When I was pregnant with my younger son Jack, I remember a friend telling me "with the first kid, it's all about the first kid, and with the second kid... it's still all about the first kid."
I can't speak for having more than two children, but I do know that one common worry for parents of two kids is that the younger kid gets gypped.
There's just no getting around it, with the older kid, everything is new, so they get a lot of attention. With the second kid, you've done it before and you're too busy worrying about the new things with the first kid to pay the same kind of attention to the second kid.
But a recent post in a parenting group I belong to put this into a new perspective and helped me identify something I've been feeling, which is that it's a lot easier to have a four year old and a seven year old than it is to have a four year old and a one year old.
I feel like I am experiencing Jack at four with a presence and clarity that I didn't get to have with Liam at four. In fact, I've been experiencing some amnesia about Liam at four.
Which is why I am so glad to have my photos from that time, photos that capture for me how it felt, not how it looks. These photos remind me of and connect me to the times that I WAS present with Liam.
And it is also why I am using photography now to soak up these moments with Jack, these last remnants of chubby cheeks and baby talk and little kid cuddles before they disappear forever.
For me, something magical happens when I take out my camera - my camera becomes part of how I experience my kids, how I relate to them, how I love them. There is a connection through the lens that occurs that cannot be recreated any other way.
It doesn't happen automatically. In fact, for most, the experience with the camera, whether smartphone, point-and-shoot or DSLR, is more transactional or utilitarian. The camera is thought of as a recording device. Think about writing - you can use a pen to jot down a phone number, or you can use it to pour out your deepest feelings.
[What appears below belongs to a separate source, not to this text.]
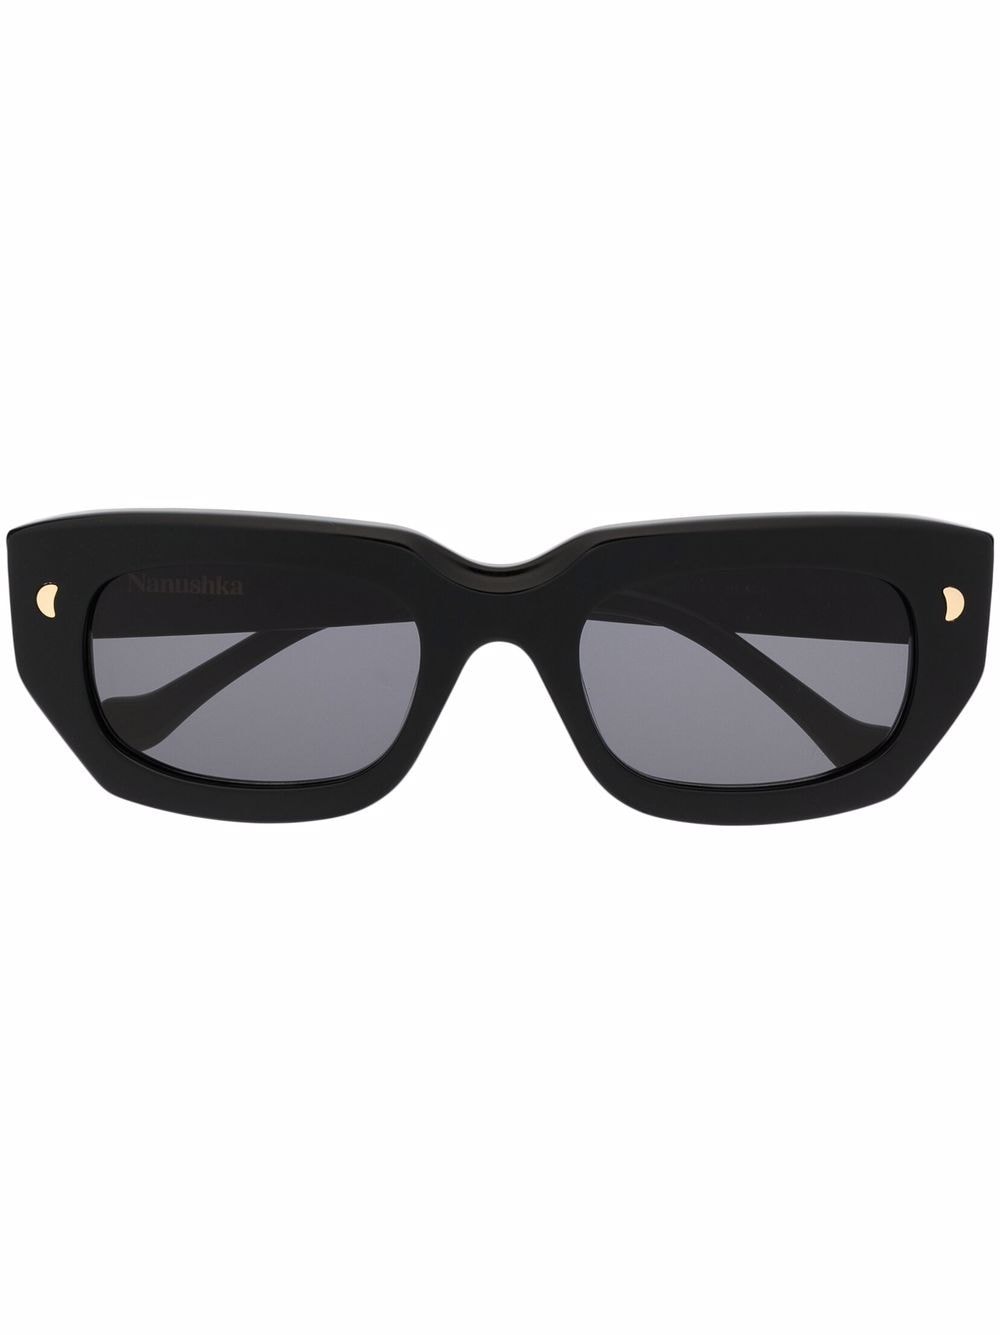 Nanushka polished cat-eye sunglasses - Black von Nanushka

It's similar with your camera, except that your camera has a more active presence in real time. And yes, absolutely, your camera can come between you and your child and ruin the moment.
But I want to show you a different way of using your camera in your relationship with your kids that will enhance rather than detract from your - and their - experience.
Your camera can become not just a recording tool but a positive, magic making part of your relationship that brings you closer to them.